- Required action -
Print the data exactly as written, but leave out each picture.

- Recorded data -
++++++++

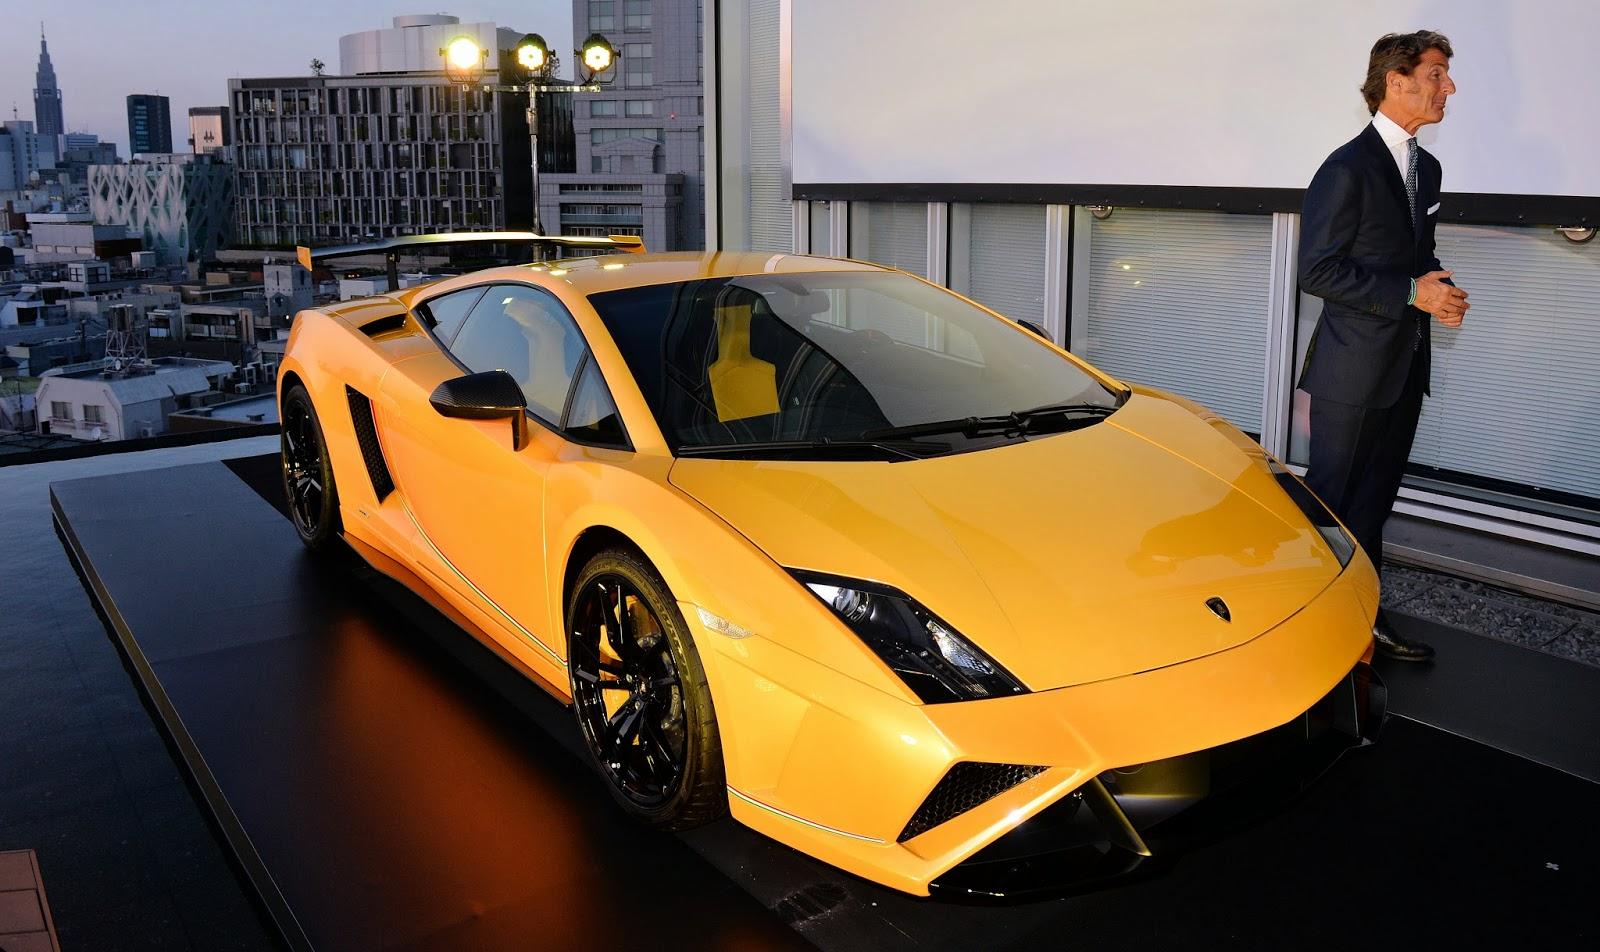 Auto, Auto Industry, Automobile, Business, CEO, Economy, Frankfurt Motor Show, Gallardo LP 570-4 Squadra Corse, Lamborghini, Lamborghini Sports Car, Motor Show, Sports Car, Stephan Winkelmann, Tokyo,
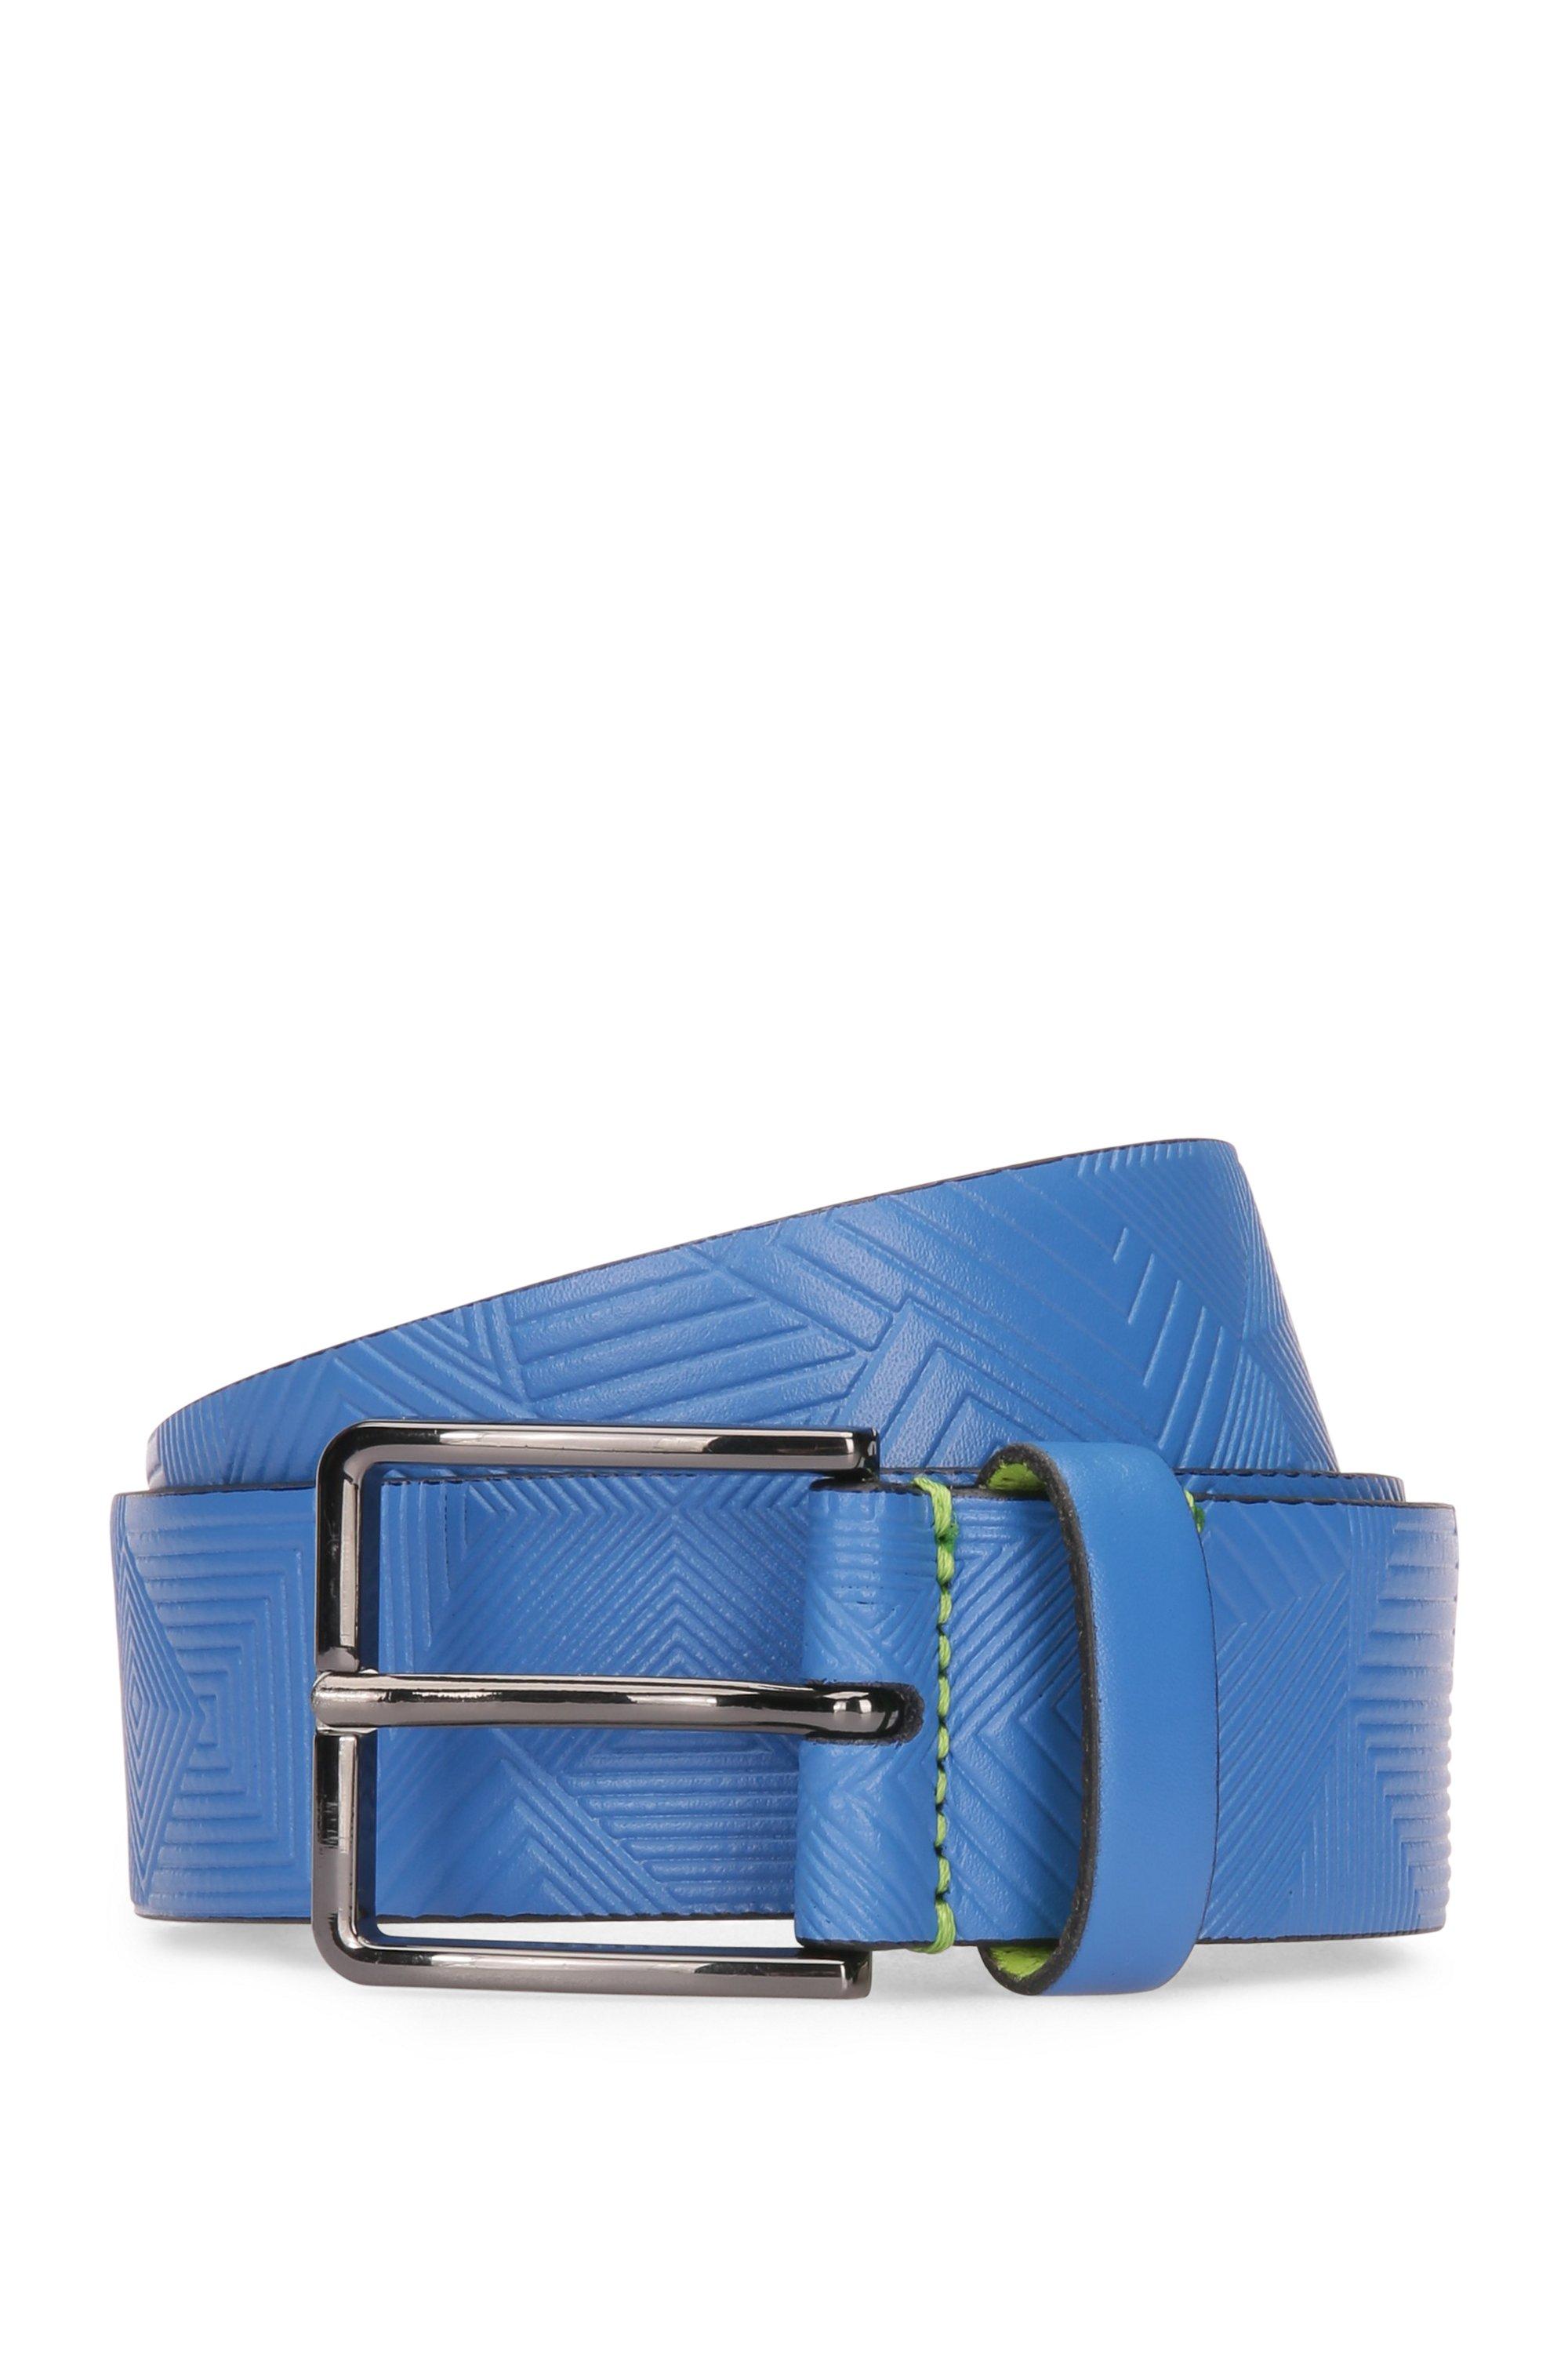 Ledergürtel mit geprägtem Muster, Blau
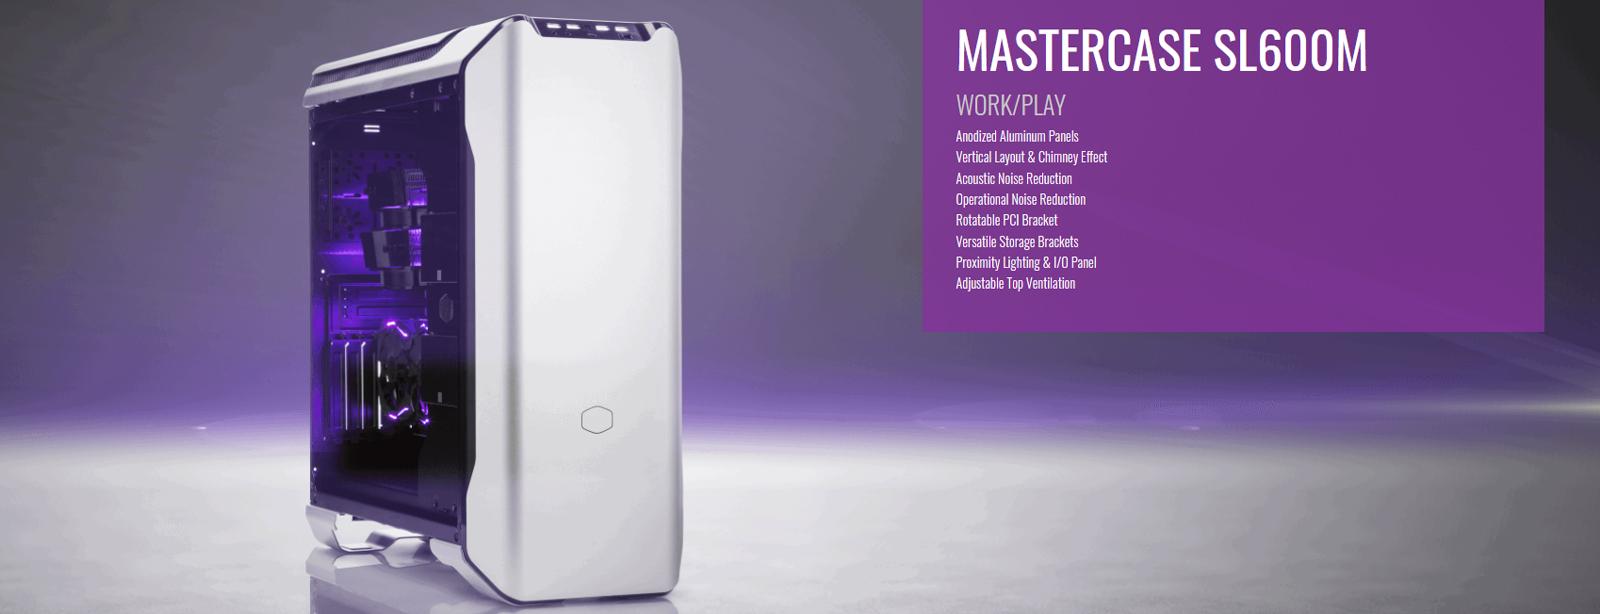 Cooler Master Master Case SL600M (Mid Tower/Màu Trắng) giới thiệu

++++++++

- Answer for the task -
 Auto, Auto Industry, Automobile, Business, CEO, Economy, Frankfurt Motor Show, Gallardo LP 570-4 Squadra Corse, Lamborghini, Lamborghini Sports Car, Motor Show, Sports Car, Stephan Winkelmann, Tokyo,
 Ledergürtel mit geprägtem Muster, Blau
 Cooler Master Master Case SL600M (Mid Tower/Màu Trắng) giới thiệu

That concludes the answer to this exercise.